Activity: Go to the line that contains "Karina smirnoff si" in the listing below, then output it and every line after it exactly, omitting pictures.

Data provided:

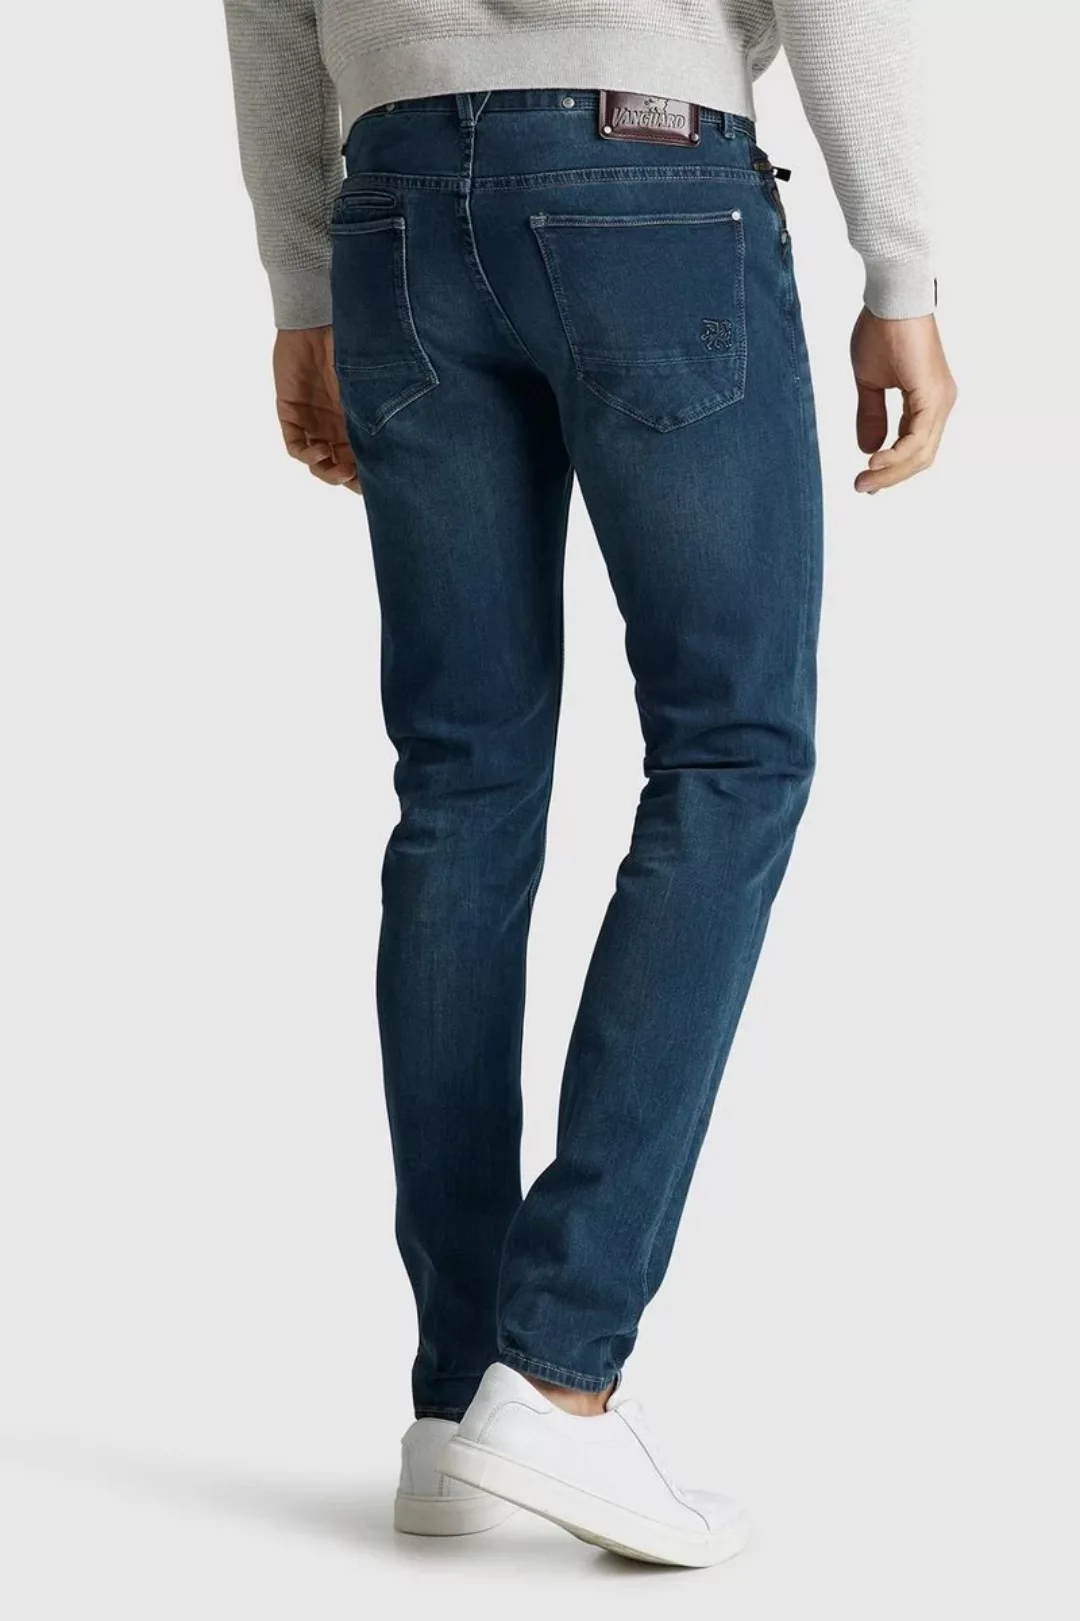 Vanguard V850 Rider Jeans Washed - Größe W 36 - L 32 günstig online kaufen
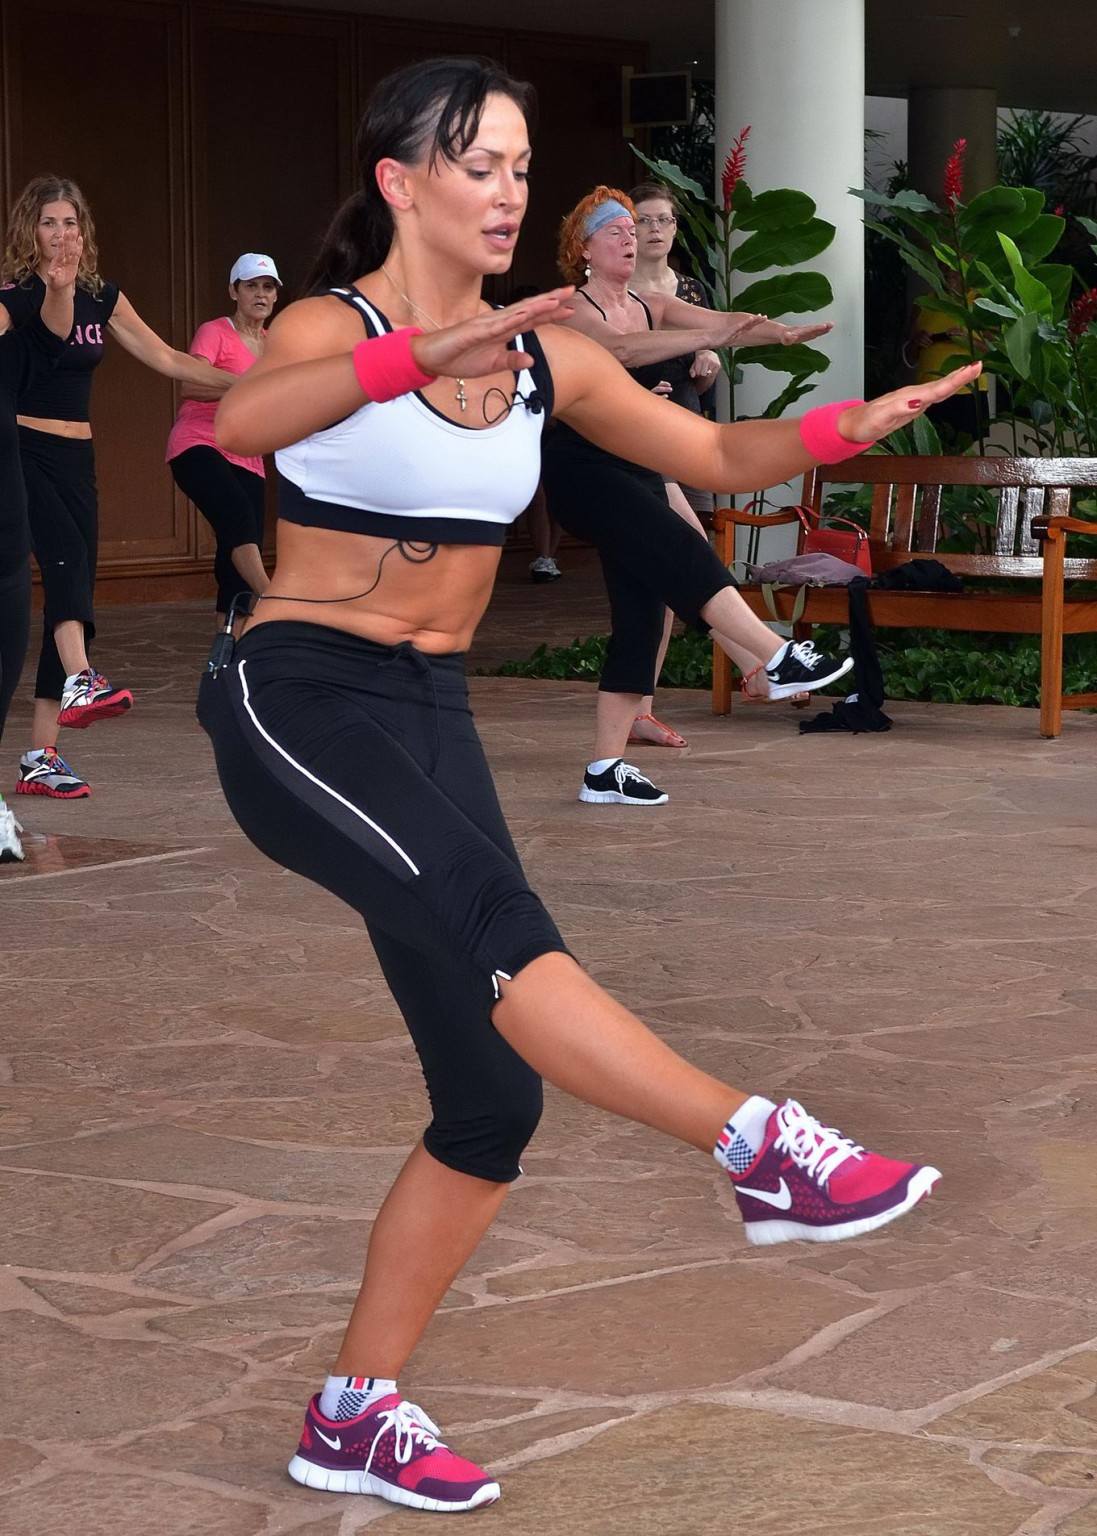 Karina smirnoff si allena indossando collant con reggiseno sportivo alle hawaii
 #75275098
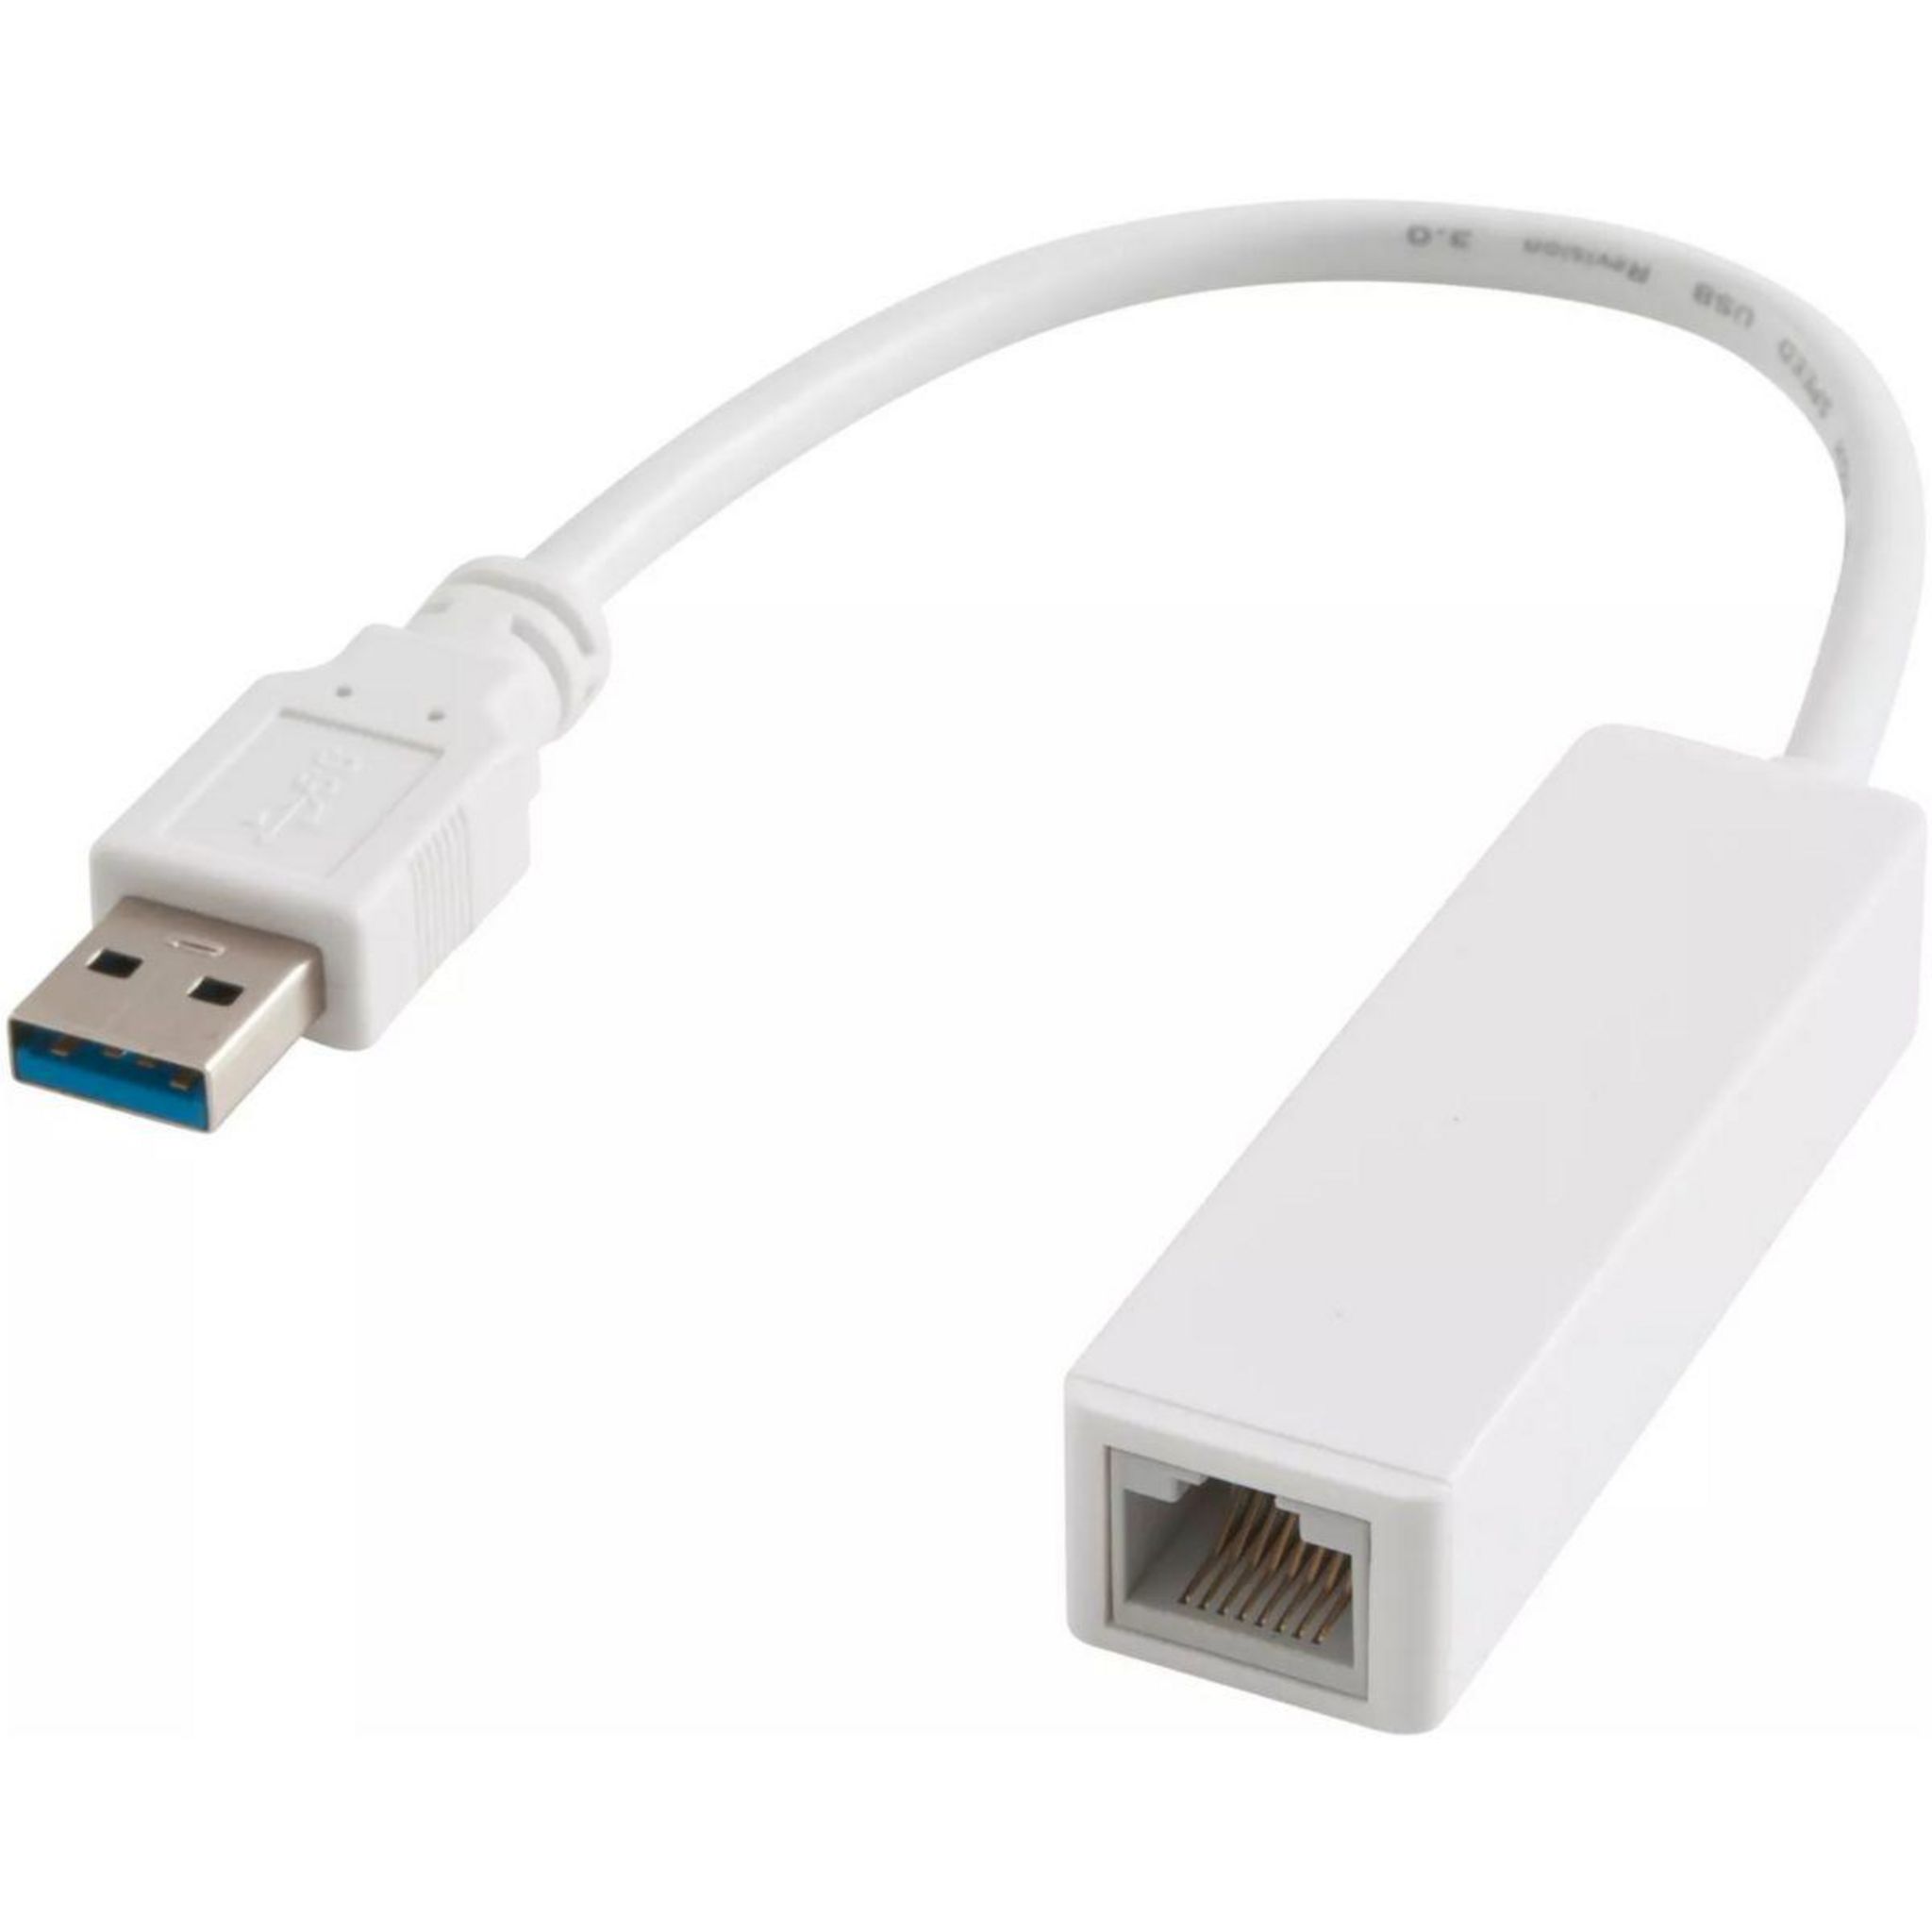 XTREMEMAC Adaptateur Ethernet USB A femelle vers RJ45 femelle pas cher

Exercise answer:
 Karina smirnoff si allena indossando collant con reggiseno sportivo alle hawaii
 #75275098
 XTREMEMAC Adaptateur Ethernet USB A femelle vers RJ45 femelle pas cher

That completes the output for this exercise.